I have a dataframe having dictionary with multiple lists and I would like to create a dataframe by extracting on a certain element 'Student'.
1 | 2 | 3 | 4 |
---|---|---|---|
{"Student":["Grad","School"], "Comments": "Finished Education"} | {"Student":["New"], "Comments": "Started Education", Location : ["USA", "China", "Australia"]} | {"Student": ["Middle", "School"], "ID" : ["1000", "2000"]}} | {"Student": ["Med","School"]} |
Expected output:
Student |
---|
Grad, School |
New |
Middle, School |
Med, School |
I have tried to read the dataframe into a dictionary, but was unable to retrieve only the 'Student' element from the dictionary.
data_dict = {}
df = df.toPandas()
for column in df.columns:
data_dict[column] = df[column].values.tolist()
Student = [data for data in data_dict.values()]
CodePudding user response:
First of all, what you have is not dictionaries and not lists. When you have a Spark dataframe, what you call a dictionary is a struct. And what you call a list is an array. Data types can be inspected with df.printSchema()
.
You can extract the "Student" fields from the structs, then add everything to an array
in order to finally explode
.
arr = F.array([F.col(f'{c}.Student') for c in df.columns])
df = df.select(F.explode(arr).alias('Student'))
Full example:
from pyspark.sql import functions as F
df = spark.createDataFrame(
[((["Grad","School"], "Finished Education"),(['New'], "Started Education", ["USA", "China", "Australia"]),(["Middle", "School"], ["1000", "2000"]),(["Med","School"],))],
'`1` struct<Student:array<string>,Comments:string>, `2` struct<Student:array<string>,Comments:string,Location:array<string>>, `3` struct<Student:array<string>,ID:array<string>>, `4` struct<Student:array<string>>')
arr = F.array([F.col(f'{c}.Student') for c in df.columns])

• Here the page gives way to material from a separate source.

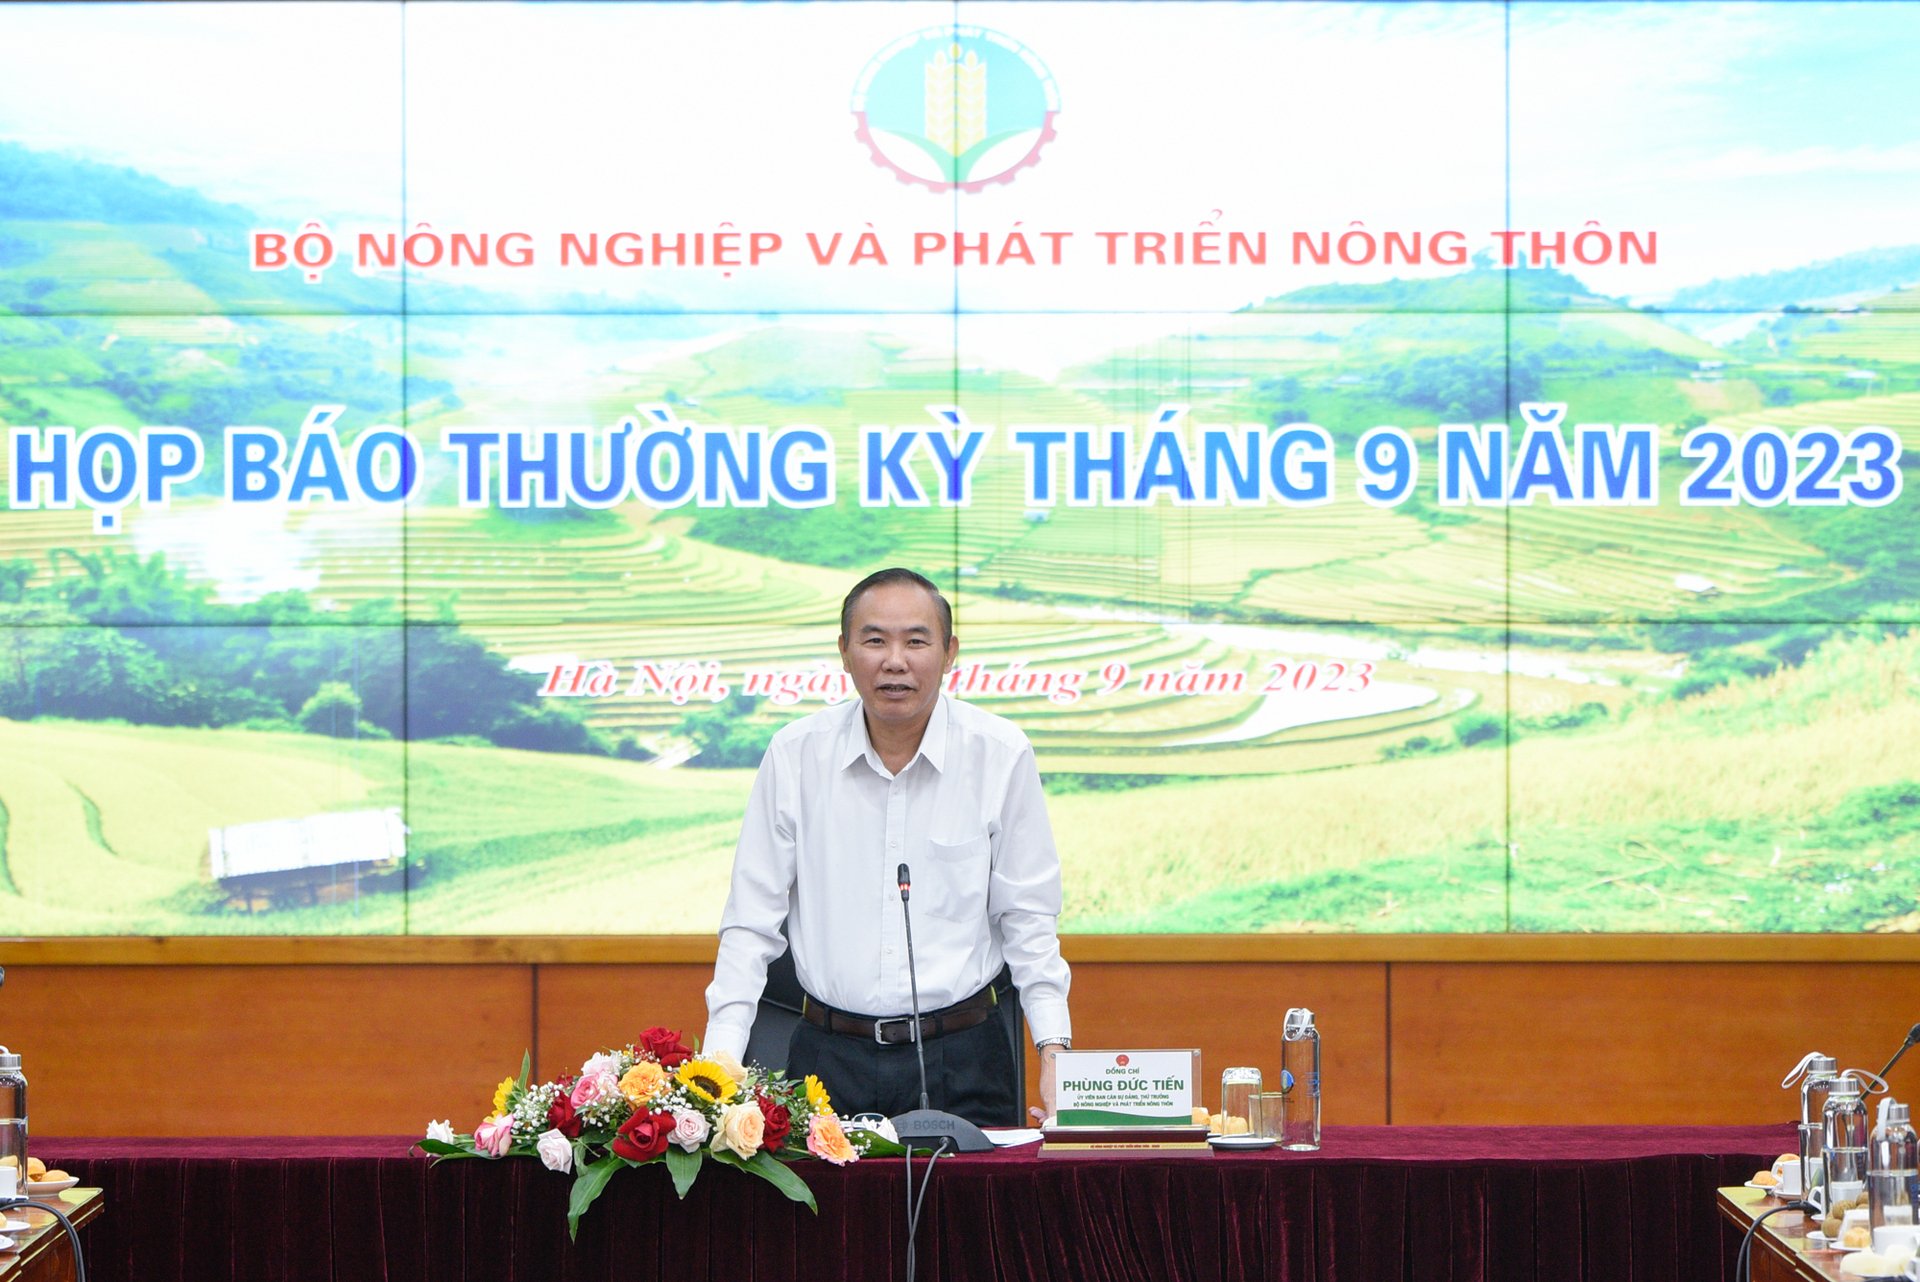 Deputy Minister Phung Duc Tien chaired the regular September press conference of the Ministry of Agriculture and Rural Development on the morning of September 29. Photo: Tung Dinh.

df = df.select(F.explode(arr).alias('Student'))
df.show()
# ----------------
# | Student|
# ----------------
# | [Grad, School]|
# | [New]|
# |[Middle, School]|
# | [Med, School]|
# ----------------
Another working option:
to_melt = [f"`{c}`.Student" for c in df.columns]
df = df.selectExpr(f"stack({len(to_melt)}, {','.join(to_melt)}) Student")